Our GRANDPA model is built upon the Property Graph Model (PGM) introduced by Sathanur et. al.[1] PGM simulates graphs by computing the probability distribution of all possible combinations of attribute categories, i.e. joint label assignment distribution, for vertices and the joint distribution over pairs of label categories for modeling the edge connectivity, with the option of adding a degree label by dividing the degree distribution into bins. Along with the degree distribution, community structure has previously been shown to be useful in recovering the network structure.[2] GRANDPA extends the PGM framework by allowing the additional augmentation of a community detection label as well as other topologically defined vertex characteristics.

To demonstrate GRANDPA's potential, we conducted two case studies. The first used Zachary's karate club network[3] included in the igraph package in R,[4] and we created two vertex labels associated with network sub-structures. In the second case study, we generated a unipartite patient-sharing network using the 2019 Medicare claims data. We used physician's primary medical specialty as a node attribute label. For both case studies, we augmented the generated graphs with a degree distribution label and a community membership label.[5] In addition, we added an attribute label by computing the linchpin score of each physician to identify their importance as a "one-of-a-kind" physician to their neighbors based on their specialty.[6]
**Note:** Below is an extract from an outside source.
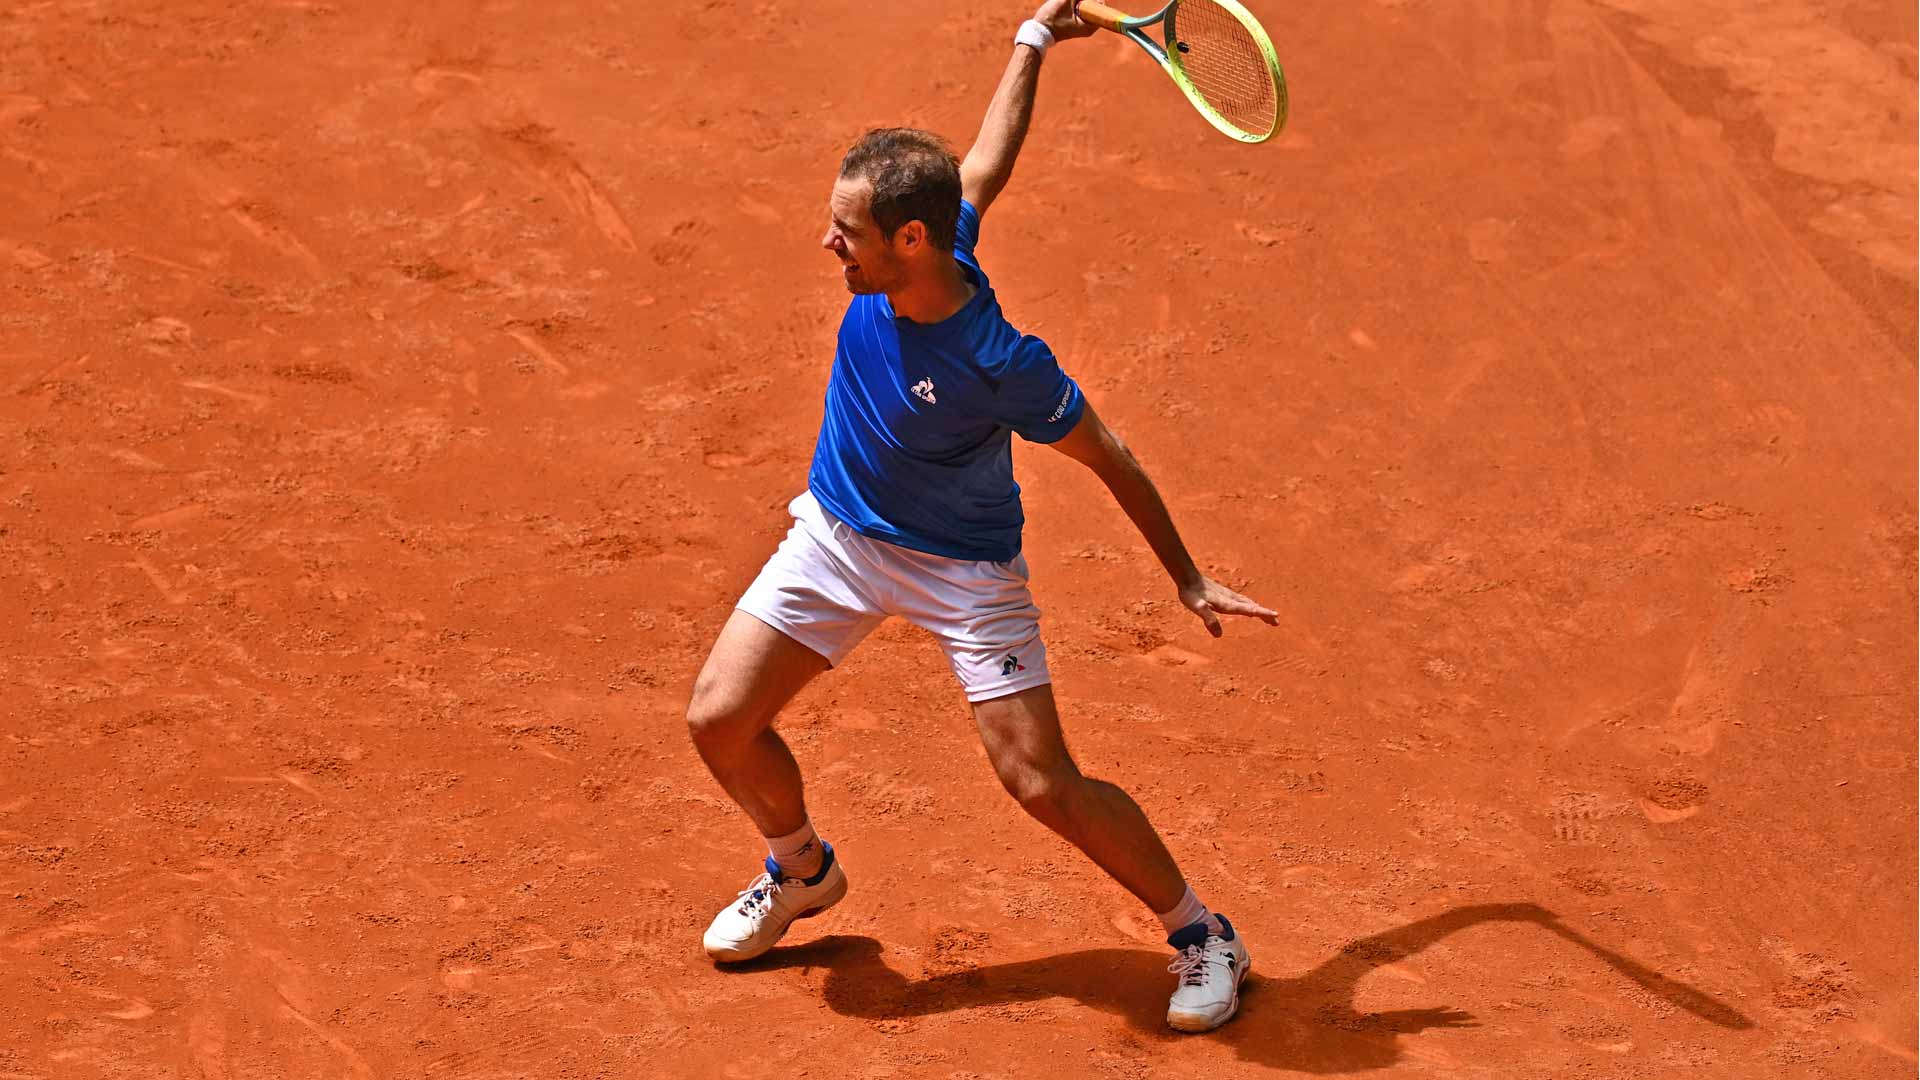 Richard Gasquet is set to play Roland Garros for the 21st time.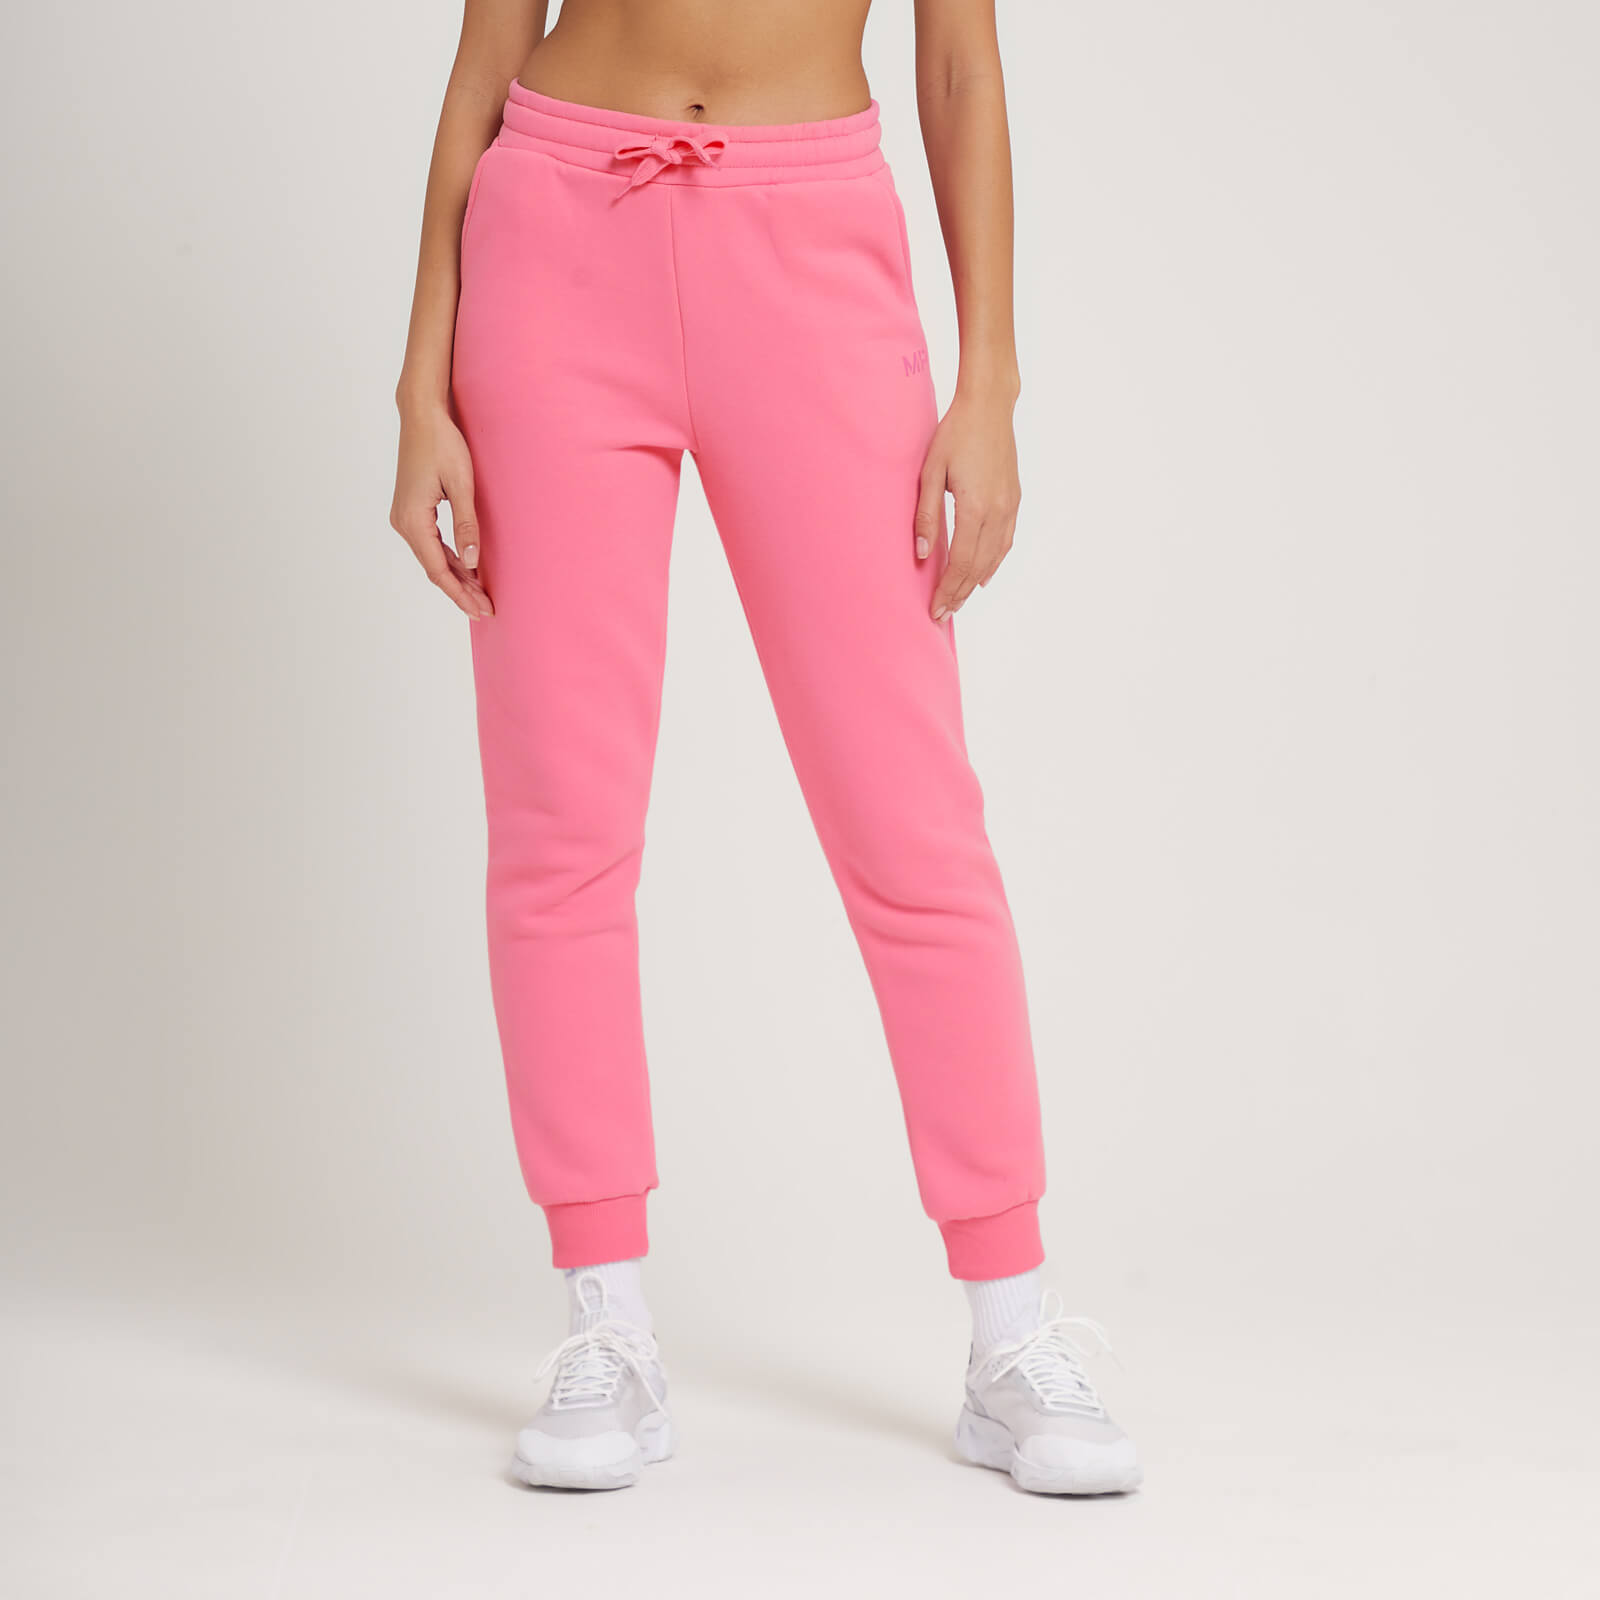 MP Women's Fade Graphic Jogger - Candy Floss

To assess network recovery, we compared the original graph with generated graphs. In these case studies, both degree and community augmentation lead to generated networks that best resembled original networks. In the karate network, the normalized root mean square error (NRMSE) between the complementary cumulative distribution function (CCDF) of the original and the best-returned graph's degree-distribution is 0.0508. Visually, the original graph and the final generated graph have nearly identical topological structures. For the unipartite healthcare network, the NRMSE between the CCDF of the original and the best generate graphs degree-distribution is 0.0514. Likewise, the final graph has the same number of communities and similar internal community structures compared to the original one.

Reference:

[1] A. V. Sathanur, S. Choudhury, C. Joslyn, and S. Purohit, "When Labels Fall Short: Property Graph Simulation via Blending of Network Structure and Vertex Attributes," Proceedings of the 2017 ACM on Conference on Information and Knowledge Management, pp. 2287–2290, Nov. 2017, doi: 10.1145/3132847.3133065.
[2] B. Karrer and M. E. J. Newman, "Stochastic blockmodels and community structure in networks," Phys. Rev. E, vol. 83, no. 1, p. 016107, Jan. 2011, doi: 10.1103/PhysRevE.83.016107.
[3] W. W. Zachary, "An Information Flow Model for Conflict and Fission in Small Groups," Journal of Anthropological Research, vol. 33, no. 4, pp. 452–473, Dec. 1977, doi: 10.1086/jar.33.4.3629752.
[4] G. Csardi and T. Nepusz, "The igraph software package for complex network research," p. 10.
[5] F. Radicchi, C. Castellano, F. Cecconi, V. Loreto, and D. Parisi, "Defining and identifying communities in networks," Proc. Natl. Acad. Sci. U.S.A., vol. 101, no. 9, pp. 2658–2663, Mar. 2004, doi: 10.1073/pnas.0400054101.
[6] M. D. Nemesure, T. M. Schwedhelm, S. Sacerdote, A. J. O'Malley, L. R. Rozema, and E. L. Moen, "A measure of local uniqueness to identify linchpins in a social network with node attributes," Appl Netw Sci, vol. 6, no. 1, p. 56, Dec. 2021, doi: 10.1007/s41109-021-00400-8.